◆ **Activity**: Copy the listing exactly, leaving out every picture.

◆ **Source material**:
-.-.-
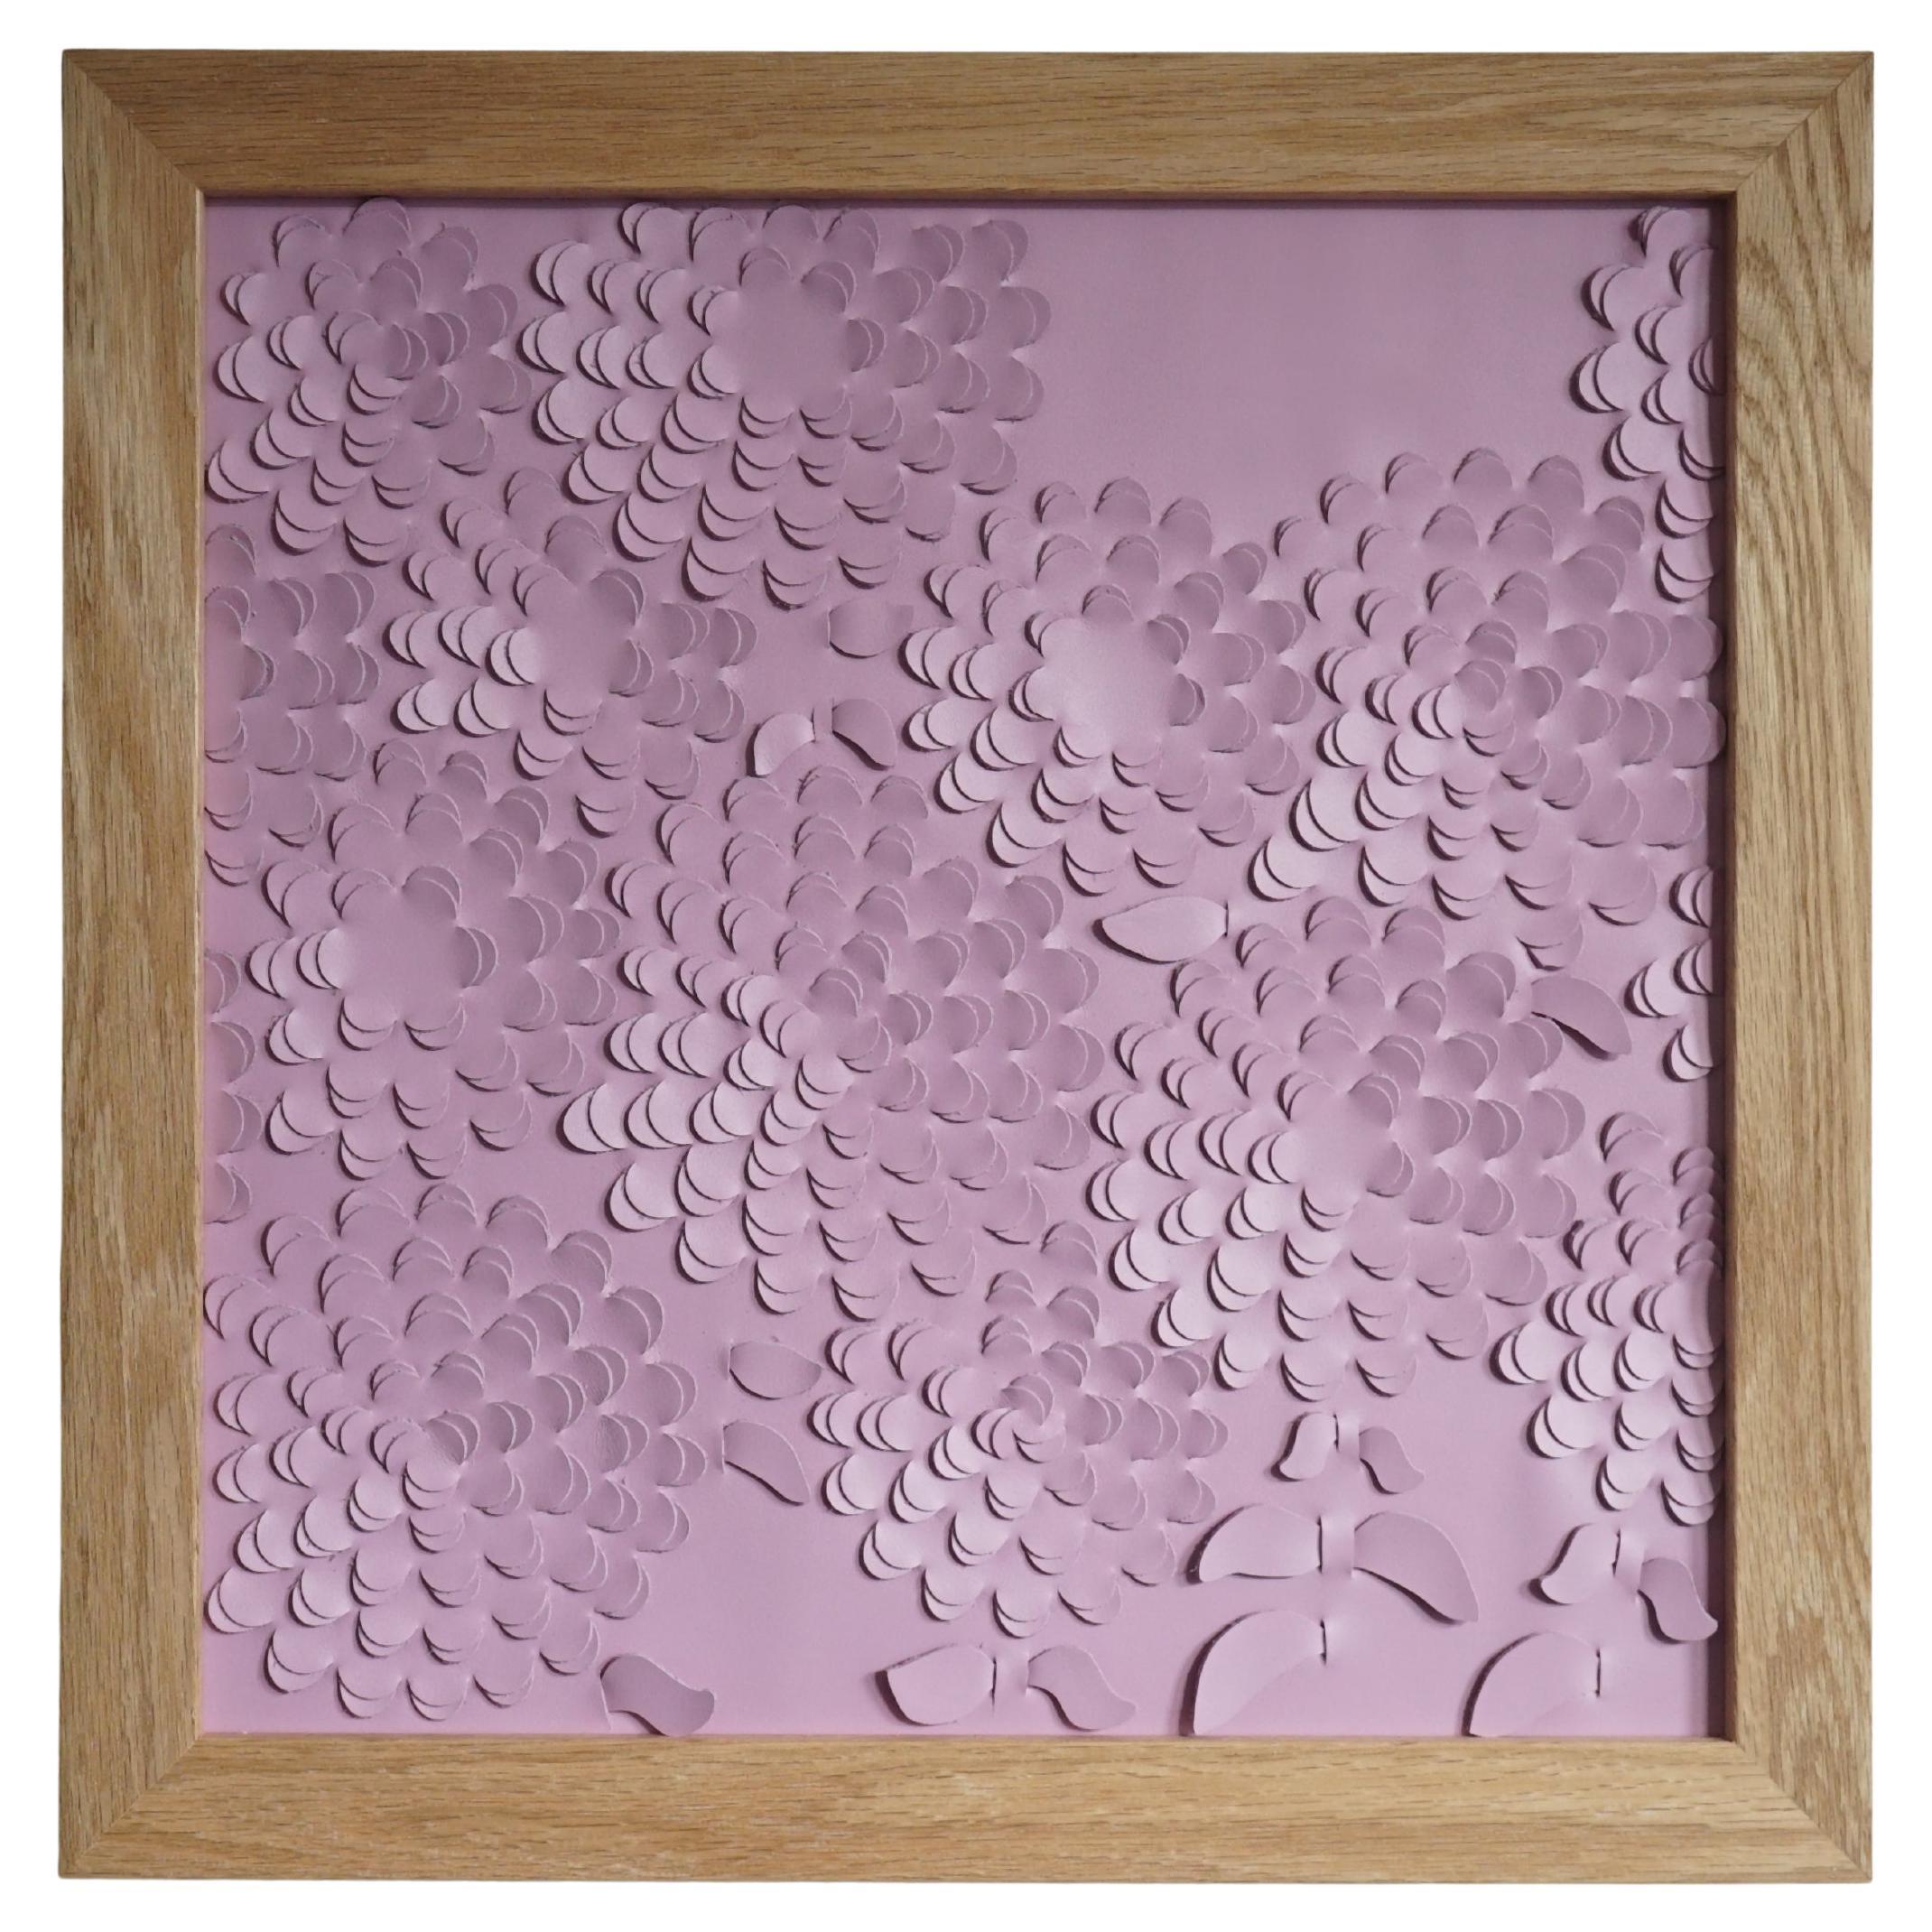 Le chrysanthème :

Une œuvre d'art murale sculpturale en 3D conçue et réalisée à partir de deux couches de cuir rose, tissées ensemble par Louise Heighes.
Les mesures sont de 17 x 17 pouces ou 43 x 43 cm

Cette pièce s'inspire de la grande masse de
-.-.-
◆ **Result for this task**:
 Le chrysanthème :

Une œuvre d'art murale sculpturale en 3D conçue et réalisée à partir de deux couches de cuir rose, tissées ensemble par Louise Heighes.
Les mesures sont de 17 x 17 pouces ou 43 x 43 cm

Cette pièce s'inspire de la grande masse de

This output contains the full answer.